Point to Ponder: There is more to life than just here and now.
Verse to Remember: “This world is fading away, along with everything it craves. But if you do the will of God, you will live forever.” — I John 2:17 (NLT)
Question to Consider: In spite of all the advertising around me, how can I remind myself that life is really about living for God, not myself?
[Read More] thoughts on Day 4 of Rick Warren‘s Purpose-Driven Life* thoughts reaching to infinity and beyond!
Just to be clear, I am not claiming the historical evidence for the resurrection is weak, nor even that He is unavailable for comment. However, I can safely say that nobody alive today is up to repeating the experiment! This is in contrast to other Christian doctrines — even relatively esoteric ones, like the Holy Spirit — which I believe can be tested (non-destructively!) by personal experience.
Does it matter? I’m not quite sure. To be frank, I strongly disagree with Rick Warren’s claim that “You could forget about being good and ethical” if “your time on earth were all there is to life.” First of all, I do think it is possible to believe in God without believing in an afterlife (it may not be entirely consistent, but few things in life are). More importantly, ethics are clearly important in the here-and-now — even for atheists — both for our personal sense of guilt as well as our ability to live in community.

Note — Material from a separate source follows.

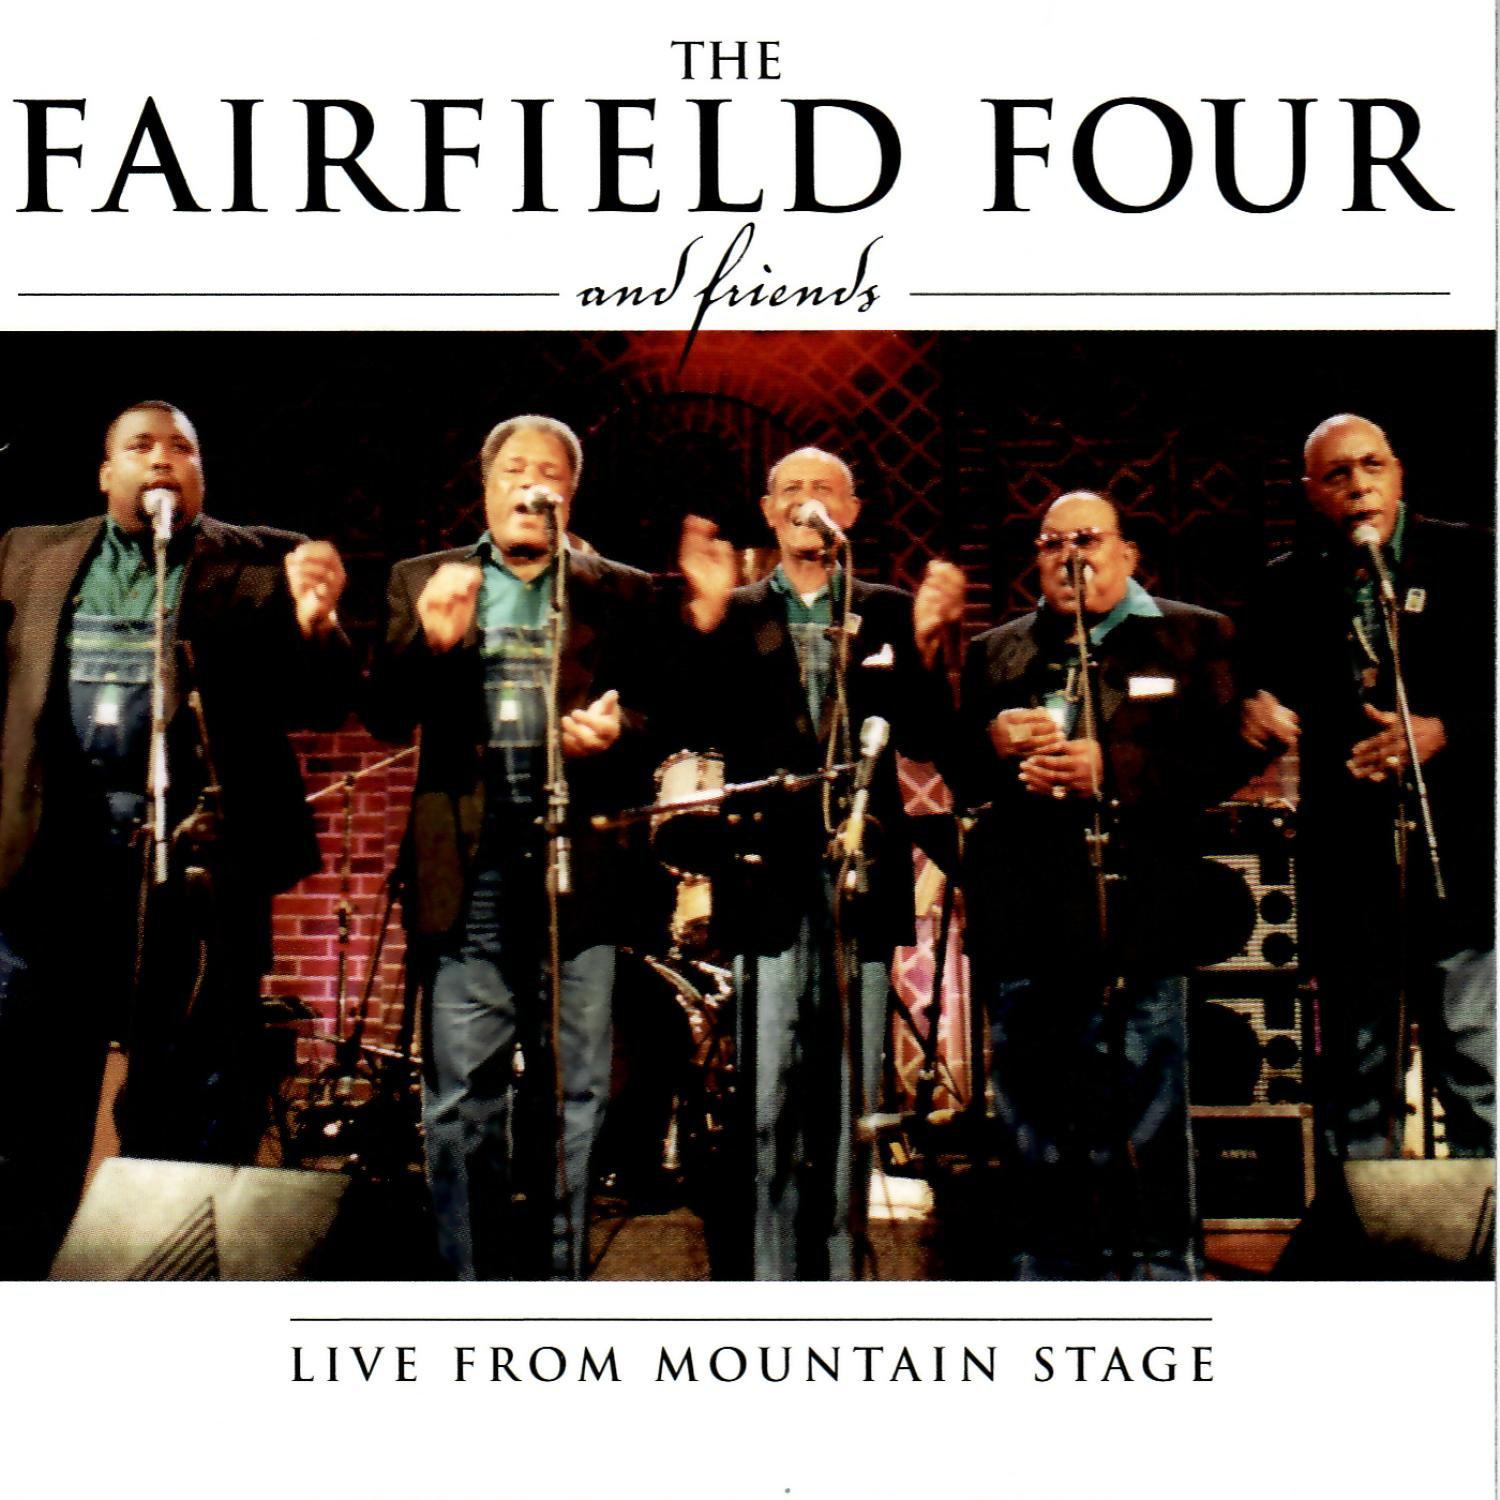 The Fairfield Four - Roll Jordan Roll

That said, I do agree that it is hard to go from ethics to morals without a God, and hard for morals to be completely meaningful without an afterlife to balance the scales. In some ways, I feel that eternity plays the same role in theology that infinity does in mathematics: you can ignore it most of the time, but eventually you run into problems (like Zeno’s paradoxes) that can’t be solved without some sense of infinity (or at least, the infinitesimal). And once you grant the existence of the transfinite (however poorly understood), it fundamentally impacts how we view “ordinary” numbers.
So it is with eternity (which, to be precise, is not quite the same as an after-life, but we’ll gloss over that for now). One can get quite a lot of theology and ethics without having to appeal to an after-life, but the end result is somehow incomplete. Eternal life “rounds out” the picture — at the price of introducing its own paradoxes and “weirdness”! Yet, somehow that very strangeness adds a richness to ordinary life that we would be loath to live without.
Prayer: God, I can’t claim to have all the answers — or even understand the questions! — but I believe there is more to life than this life. I believe you have set eternity in our hearts, and that we have a purpose greater than mere mundane survival, or even localized happiness. Teach me to live my life in light of the infinite and eternal, that I may elevate this world in preparation for the next. I ask this in Jesus name, Amen.